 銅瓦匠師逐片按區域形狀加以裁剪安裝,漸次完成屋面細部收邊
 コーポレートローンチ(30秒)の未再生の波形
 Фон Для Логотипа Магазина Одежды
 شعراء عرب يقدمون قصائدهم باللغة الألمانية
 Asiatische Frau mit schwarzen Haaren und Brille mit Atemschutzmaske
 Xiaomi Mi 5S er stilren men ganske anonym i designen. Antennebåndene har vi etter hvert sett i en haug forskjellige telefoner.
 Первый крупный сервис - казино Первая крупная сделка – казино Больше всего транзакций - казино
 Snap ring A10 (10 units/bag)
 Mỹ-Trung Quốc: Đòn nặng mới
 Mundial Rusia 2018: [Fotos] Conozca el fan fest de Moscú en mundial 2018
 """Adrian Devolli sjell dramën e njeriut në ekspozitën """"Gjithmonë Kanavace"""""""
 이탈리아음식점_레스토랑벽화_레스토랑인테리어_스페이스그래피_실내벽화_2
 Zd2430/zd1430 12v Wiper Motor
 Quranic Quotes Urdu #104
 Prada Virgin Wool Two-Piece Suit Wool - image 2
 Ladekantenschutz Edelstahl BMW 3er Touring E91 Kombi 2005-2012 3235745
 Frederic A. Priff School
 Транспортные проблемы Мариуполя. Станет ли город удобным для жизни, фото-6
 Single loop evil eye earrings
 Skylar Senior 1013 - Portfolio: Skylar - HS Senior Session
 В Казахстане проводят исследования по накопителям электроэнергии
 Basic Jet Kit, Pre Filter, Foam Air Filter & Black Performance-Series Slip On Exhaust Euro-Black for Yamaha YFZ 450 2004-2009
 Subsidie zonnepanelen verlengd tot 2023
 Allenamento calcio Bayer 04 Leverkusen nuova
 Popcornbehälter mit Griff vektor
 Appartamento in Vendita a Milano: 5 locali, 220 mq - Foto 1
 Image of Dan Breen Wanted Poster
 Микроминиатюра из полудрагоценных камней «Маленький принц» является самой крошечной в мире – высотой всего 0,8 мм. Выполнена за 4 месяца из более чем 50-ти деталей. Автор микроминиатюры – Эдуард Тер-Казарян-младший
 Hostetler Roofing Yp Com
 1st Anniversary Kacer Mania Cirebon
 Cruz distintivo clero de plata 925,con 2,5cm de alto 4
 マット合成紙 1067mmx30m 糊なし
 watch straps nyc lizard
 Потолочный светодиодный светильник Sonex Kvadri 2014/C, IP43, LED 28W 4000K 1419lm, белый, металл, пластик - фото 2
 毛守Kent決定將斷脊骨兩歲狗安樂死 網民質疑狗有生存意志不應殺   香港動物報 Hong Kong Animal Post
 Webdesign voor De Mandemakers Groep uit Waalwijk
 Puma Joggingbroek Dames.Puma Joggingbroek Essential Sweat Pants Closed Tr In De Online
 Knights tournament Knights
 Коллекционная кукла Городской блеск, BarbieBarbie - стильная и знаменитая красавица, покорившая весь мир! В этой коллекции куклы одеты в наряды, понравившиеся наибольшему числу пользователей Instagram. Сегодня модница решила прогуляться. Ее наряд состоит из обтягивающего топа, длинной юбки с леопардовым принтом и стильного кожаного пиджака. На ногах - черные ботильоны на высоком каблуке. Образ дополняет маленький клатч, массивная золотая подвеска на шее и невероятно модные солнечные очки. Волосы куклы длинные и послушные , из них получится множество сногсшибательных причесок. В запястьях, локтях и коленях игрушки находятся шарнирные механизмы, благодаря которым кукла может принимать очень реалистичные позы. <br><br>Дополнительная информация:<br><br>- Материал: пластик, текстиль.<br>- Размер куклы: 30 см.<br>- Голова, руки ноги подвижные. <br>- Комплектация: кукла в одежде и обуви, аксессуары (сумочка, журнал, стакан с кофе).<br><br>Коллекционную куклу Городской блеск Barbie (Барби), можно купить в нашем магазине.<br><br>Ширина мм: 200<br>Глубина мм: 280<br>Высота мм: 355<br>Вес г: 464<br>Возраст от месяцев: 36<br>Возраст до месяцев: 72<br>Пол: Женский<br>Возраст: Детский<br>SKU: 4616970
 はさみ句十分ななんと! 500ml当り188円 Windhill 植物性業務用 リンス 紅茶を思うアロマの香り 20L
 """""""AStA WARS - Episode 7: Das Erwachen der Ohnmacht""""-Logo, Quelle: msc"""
++++++
• Task details:
Where the string "всего" appears in a line of the listing, copy that line.

• Reply:
 Первый крупный сервис - казино Первая крупная сделка – казино Больше всего транзакций - казино
 Микроминиатюра из полудрагоценных камней «Маленький принц» является самой крошечной в мире – высотой всего 0,8 мм. Выполнена за 4 месяца из более чем 50-ти деталей. Автор микроминиатюры – Эдуард Тер-Казарян-младший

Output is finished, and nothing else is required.